Updates on Test Data

littleskunk · July 1, 2024, 3:26pm

Yes that sounds like the outcome of the trash cleanup bug. The bug is fixed but it requires a full used space filewalker run to correct the numbers. And the same is needed for the new TTL cleanup bug. So maybe postpone the used space filewalker runs a bit.

As a workaround I will just tell my nodes that they have a 50TB drive each. That way they don’t stop. There should be a free space check that should still limit the size to the actual HDD size but it would ignore the size the node believes it has and uses that free space on disk instead.

striker43 · July 1, 2024, 3:37pm

So if we all do this, this will mess up your capacity planning a lot I guess

jammerdan · July 1, 2024, 3:37pm

I doubt that all operators of those 3000 nodes will read this workaround.

littleskunk · July 1, 2024, 4:44pm

No it doesn’t. The node will report the amount of free space on disk. If you set allocated space to some extreme high value you would see this in the logs:

2024-07-01T18:43:18+02:00       WARN    piecestore:monitor      Disk space is less than requested. Allocated space is   {"Process": "storagenode", "bytes": 16782805938716}

snorkel · July 1, 2024, 4:54pm

So how sure are you we won’t destroy our nodes? I thought about this workaround too, but I didn’t risk it. What if there is again some bug that will ignore the 5GB limit?

zip · July 1, 2024, 4:56pm

How reliable is this?
Because I had nodes crashing just recently with drive out of space and I had to delete the trash manually to free up the space be able to restart the node.
Databases were on SSD, space was set correctly, it however was not accounted correctly I assume because of some bug.
These are running on LVM and in some cases not all of the drive is allocated for the node - might this be the reason?

littleskunk · July 1, 2024, 5:04pm

I was talking about my nodes. They have plenty of free space available and are not getting full in the next few weeks.

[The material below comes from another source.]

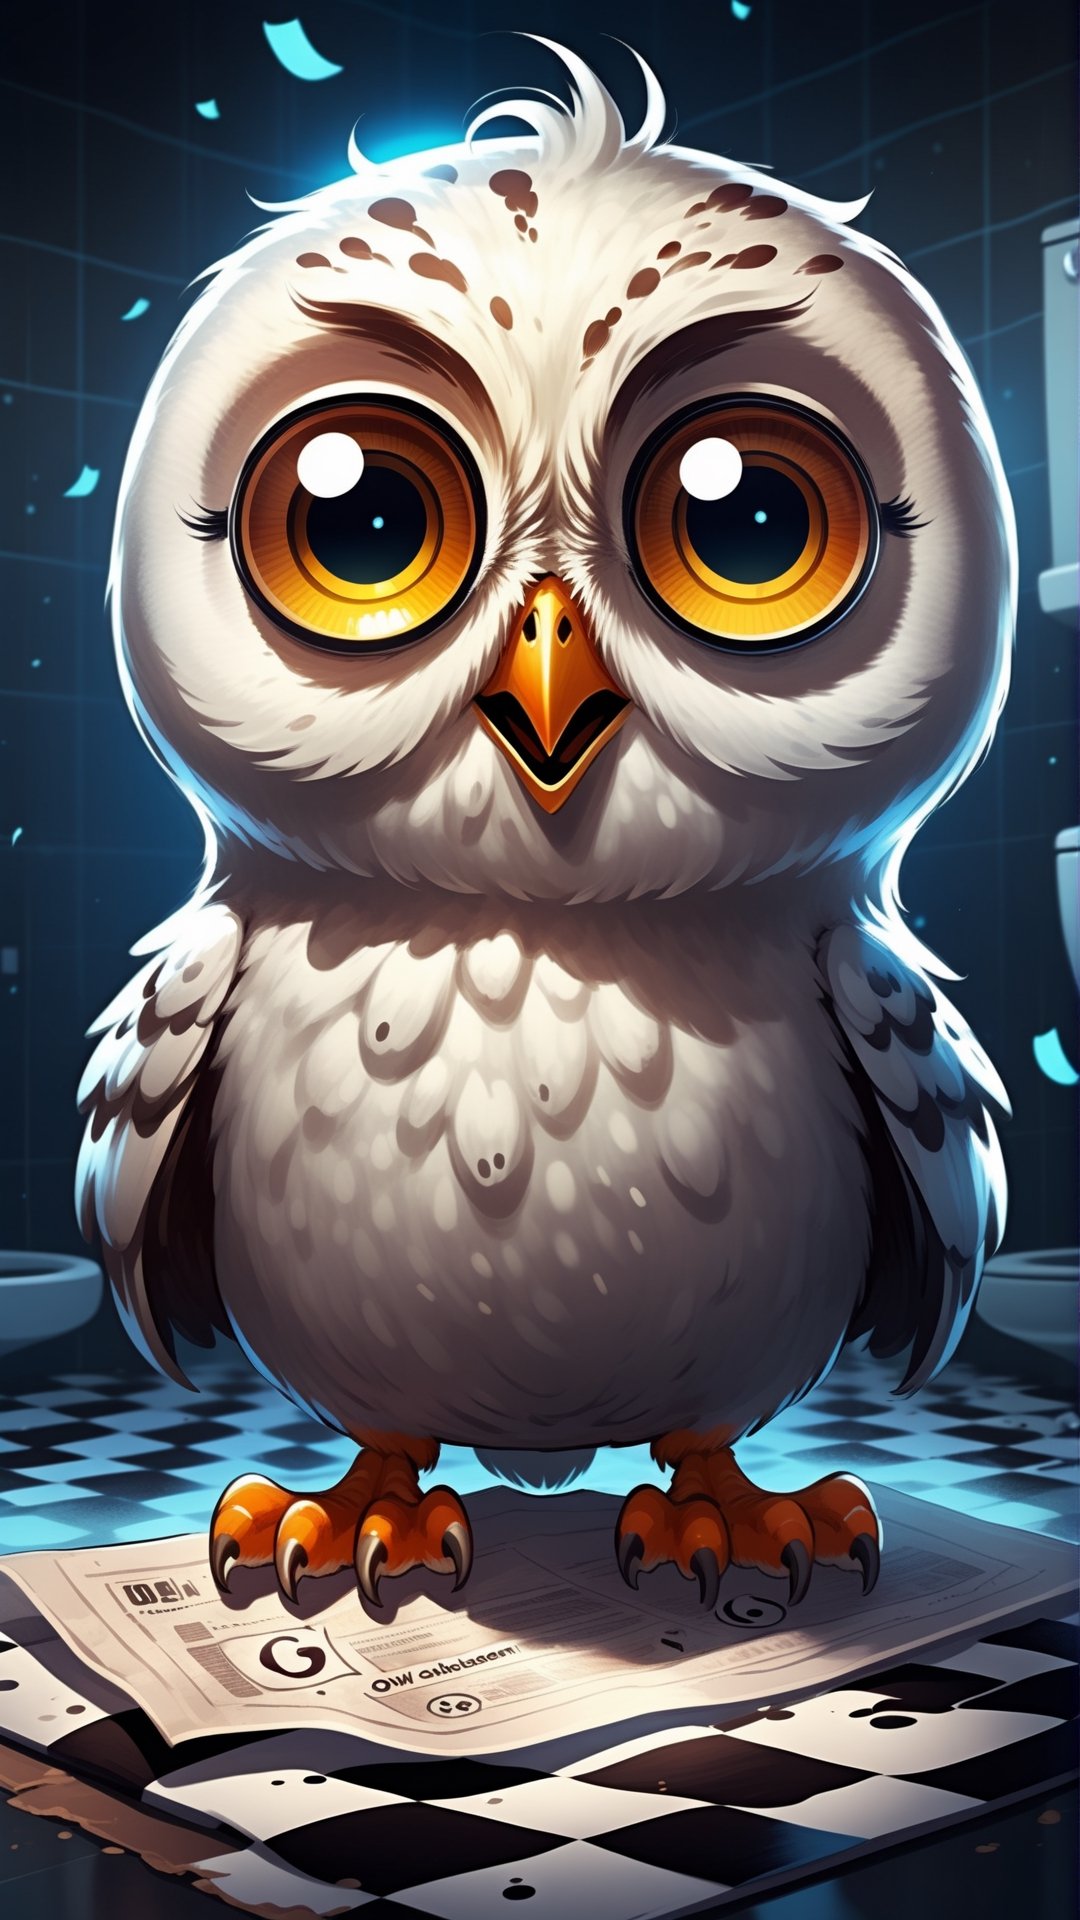 a cute big round eyes owl meeting Ghost while using toilet,  background: small washroom, 1toilet, 1window, checkerboard floor, mess, newspaper, (white slime blasts), wisp, funny, chibi, halloween theme, 2D Animated CG Horror Movie style,chibi emote style

If you want some extra protection you can use a code snipet like this:

diskspace=`curl -s 127.0.0.1:1500$i/api/sno/ | jq .diskSpace`
used=`echo $diskspace | jq .used`
free=[run some df command to find out free space here]
trash=`echo $diskspace | jq .trash`
sed -i "s/storage\.allocated-disk-space: .*/storage.allocated-disk-space: $(($used+$trash+free)) B/g" [path to your storagenode config]

Maybe substract like 100GB from the free space and than you have your safety margin.

littleskunk · July 1, 2024, 5:08pm

I don’t understand. The workaround I was talking about was for nodes that believe they are full when they still have a few TB free space on disk. If your node is crashing because it is full than you might want to reduce your allocation. Why would you want to do the oposit? That would make your situation worse right?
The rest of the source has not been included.